Clinical Project Manager-Maternity Cover

On behalf of our Client, Chiesi Farmaceutici, one of the top 50 pharmaceutical companies in the world with more than 80 years of experience in the pharmaceutical and biotechnology industry, IQVIA is looking for a Clinical Project Manager (fixed-term maternity cover) to join an exciting working environment in a dynamic and international atmosphere.

Purpose

The Clinical Project Manager will be accountable for the coordination of the operational management of assigned projects in order to develop compounds in line with Chiesi’s goals and medical/scientific standards.

Main responsibilities

• Makes operational decisions to ensure that projects are initiated and completed on time, on budget and to the required quality standards, and secures compliance with ICH and Chiesi Standard Operating Procedures (SOPs) or any local regulations.
• Can be involved in the writing/review of SOPs and working instructions (WI) and completes assigned SOPs/WIs/processes trainings according to company process.
• Project Management:
  • Develops full synopsis and protocol, and related documents based on the Study Outline contained in the Clinical Development Plan (CDP) involving all relevant contributors persons.
  • Collaborates with relevant contributors and accountable team members to ensure timely production and review of other important study-related.
  • Contributes to the CRO and/or Providers selection: responsible for the implementation of the Request For Proposal (RFP); reviews and assesses the proposals; reviews scope of works and overall budget.
  • Responsible for management of the Clinical CRO/Providers acting as the primary contact for the Clinical (CRO) but also for internal customers. Ensures adherence to scope of work within timelines and budget. Performs co‑monitoring when needed, as specified in SOP and collaborates with Site Engagement Managers for study site performance and relationship consolidation.
  • Collaborates in the set‑up and maintenance of the Study Risk Register. Responsible for ongoing clinical risk review during study conduct involving all relevant study team functions and for the follow‑up on actions with vendors (CRO, direct and third‑party vendors).
  • Prepares and coordinates/collaborates to scientific meetings: investigators' meeting, scientific/safety board meetings, Data reviews and any other study‑relevant meeting(s).
  • Ensures registration of the study in public registries (e.g.: clinicaltrial.gov, European registry, etc…).
  • Clinical Trial Supplies: liaises with Clinical Trial Supply (CTS) coordinator to define the CTS strategy/plan and reviews the labels and leaflets.
  • Responsible for the management of the study eTMF (related to clinical operations) and all its related activities (such as QC and health checks) with the Clinical Trial Administrator (CTA) as per Chiesi SOP.
• Accountable for the overall completeness of the whole study eTMF and for ensuring that the study eTMF is archived as per Chiesi SOP.
• Study Budget: accountable for budget management and reconciliation as well as control of invoices on a monthly basis.
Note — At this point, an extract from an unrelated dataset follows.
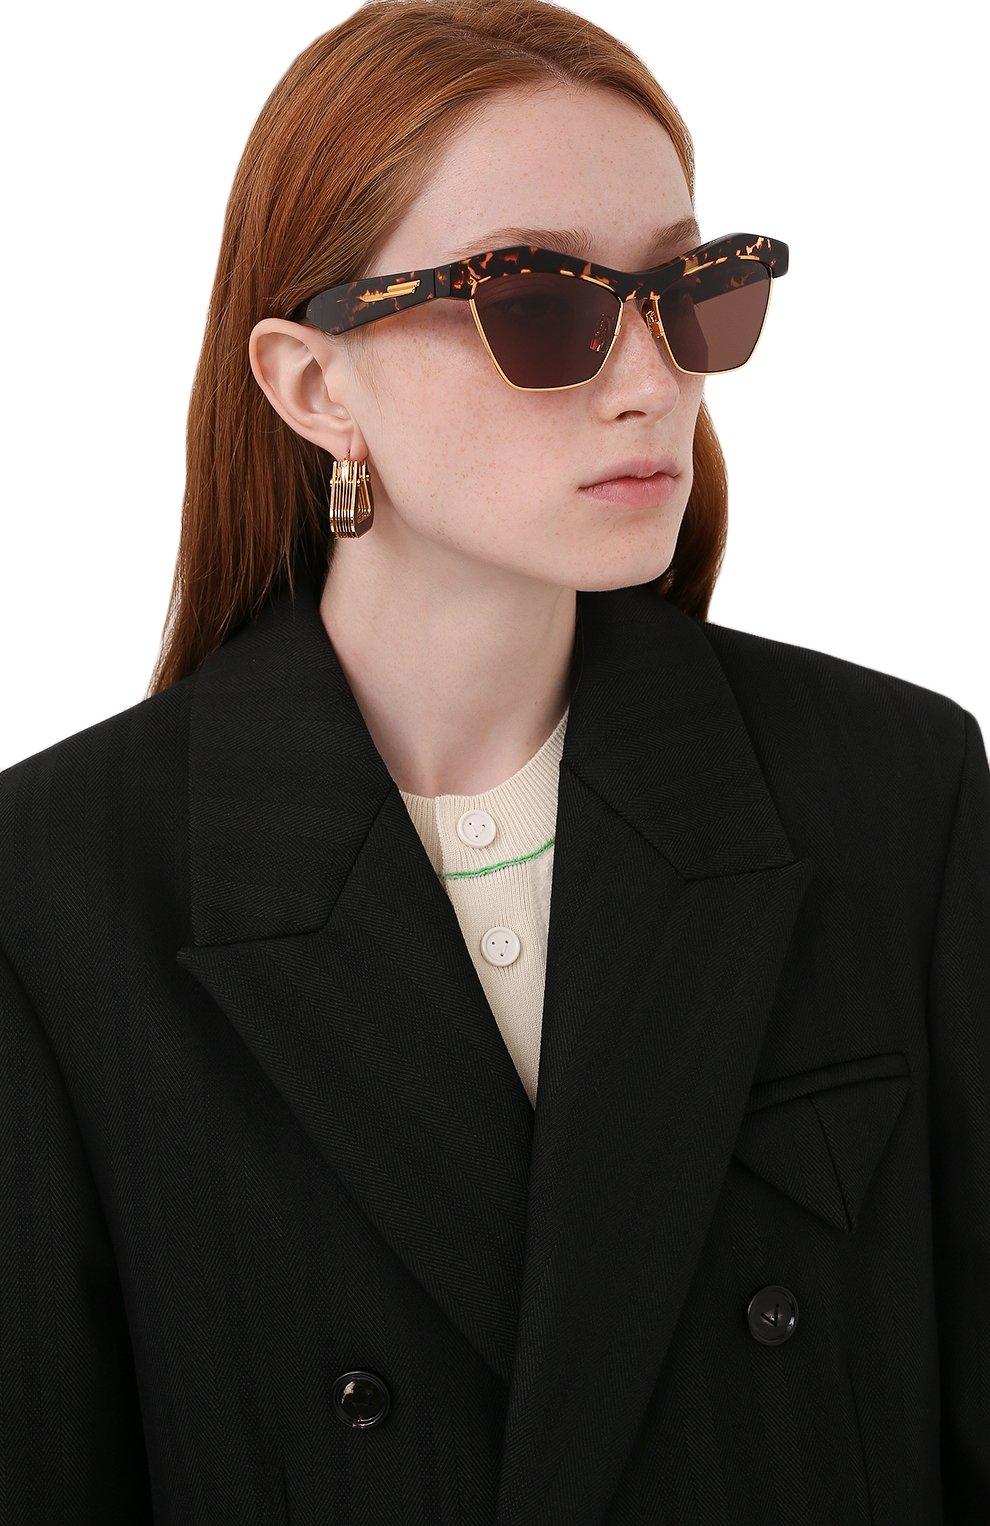 Женские солнцезащитные очки BOTTEGA VENETA коричневого цвета, арт. 668007/V2331   Фото 2
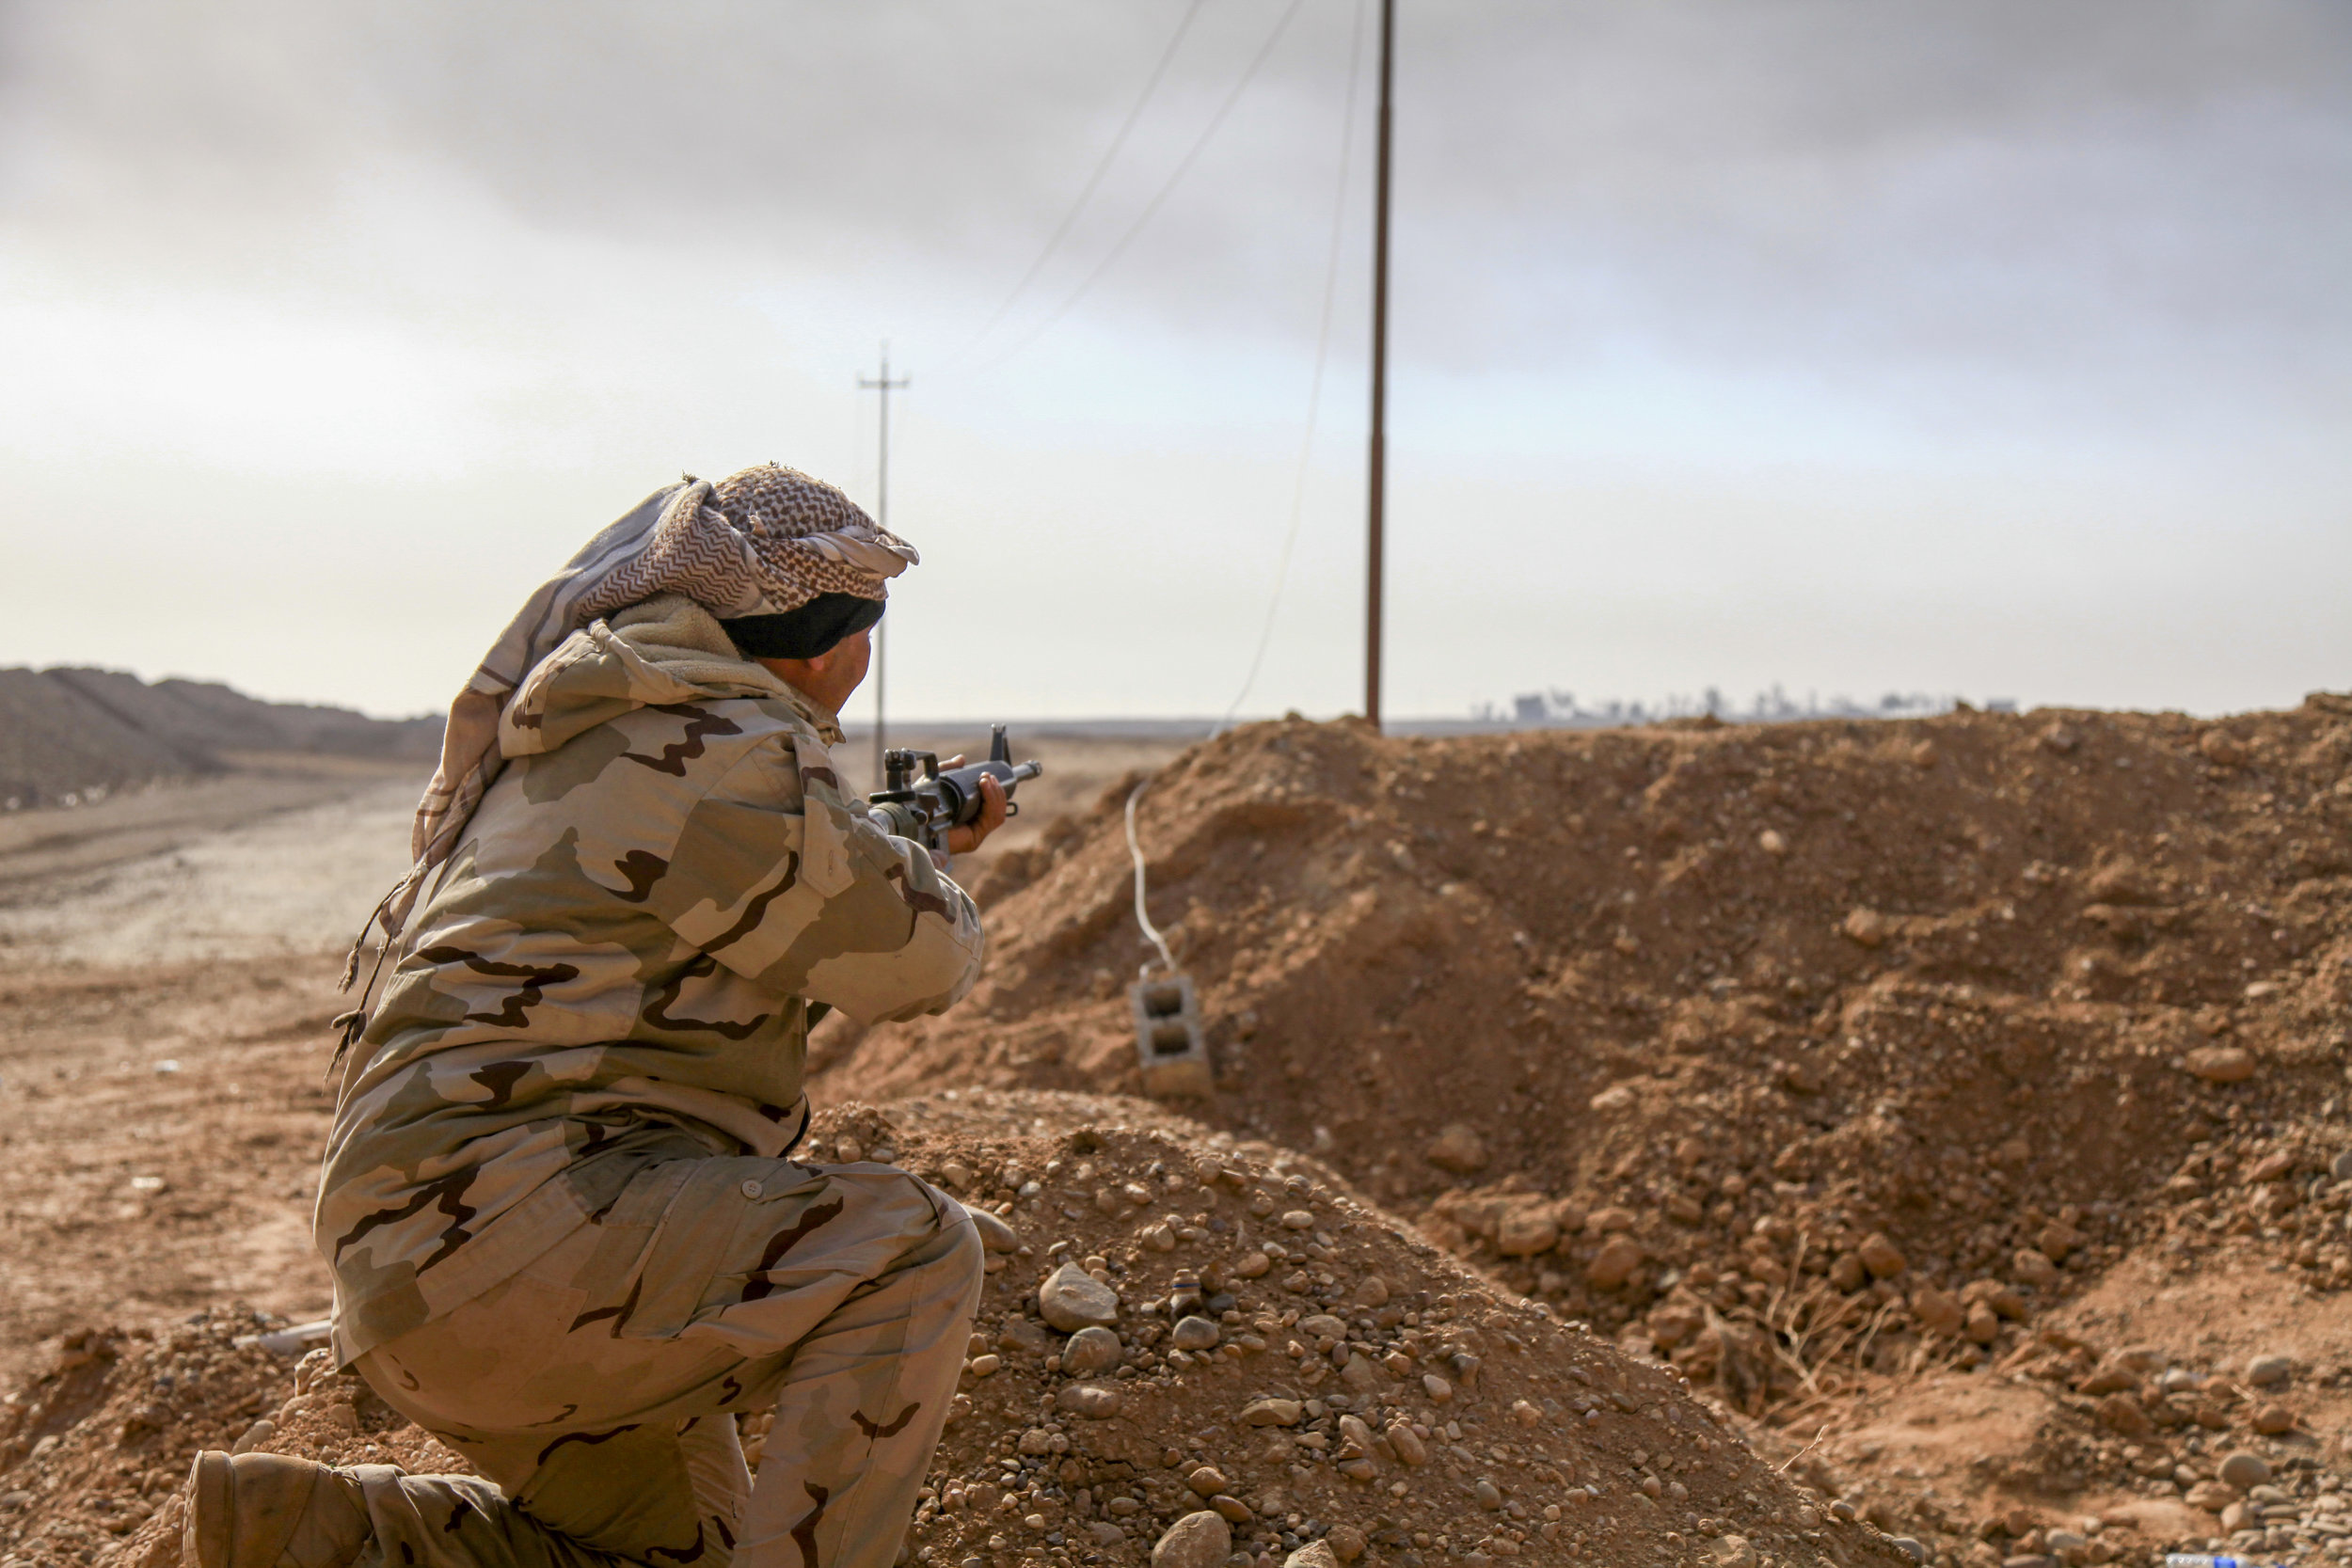 Soldat beim schiessen

Twice a year provides forecast & pre‑closing budgets according to study progress.
• Study results and related deliverables:
  • Prepares the Clinical Study Report (CSR) in cooperation with the Medical Writer, reviews the CSR/CIR, coordinates its review/approval by required members and reviews the layman summaries and study summaries for authorities.
  • Supports and/or coordinates the presentation of clinical study results internally and externally as well as the preparation of manuscripts for the full paper publication.

Requirements

• Degree in Life Sciences or equivalent
• At least 2–3 years of experience in Project Management or as a Clinical Research Associate (CRA)
• Track record of achievements in successful planning and execution of at least 5 clinical studies
• Added value will be given for direct experience in implementation of centralized systems set up and large clinical trial experience in respiratory therapeutic area
• Planning & Organizing
• Problem Solving
• Results Driven
• Priority Setting
• Fluent English

Type of contract

• National Collective Labour Agreement: Chemical and Pharmaceutical Industry
• Contract Type: Fixed Term-temporary position covering maternity leave
• Salary Range or Gross Annual Salary: Minimum salary foreseen for the role starting from €54,160 gross per year.

The role also includes

• a variable bonus/MBO ranging between 8% and 10%
• private health insurance (please note that this is not the one provided under the National Collective Labour Agreement for the Chemical-Pharmaceutical sector)
• pension fund (please note that this is not the one provided under the National Collective Labour Agreement for the Chemical-Pharmaceutical sector)
• flexible benefits/corporate welfare.

The salary range is defined based on experience, skills, and internal equity criteria.

Career progression and compensation review are based on transparent, objective criteria.

We are committed to fair and equal pay practices, in line with applicable pay transparency regulations (EU Directive 2023/970).

Candidates of both sexes are eligible in compliance with L.903/77.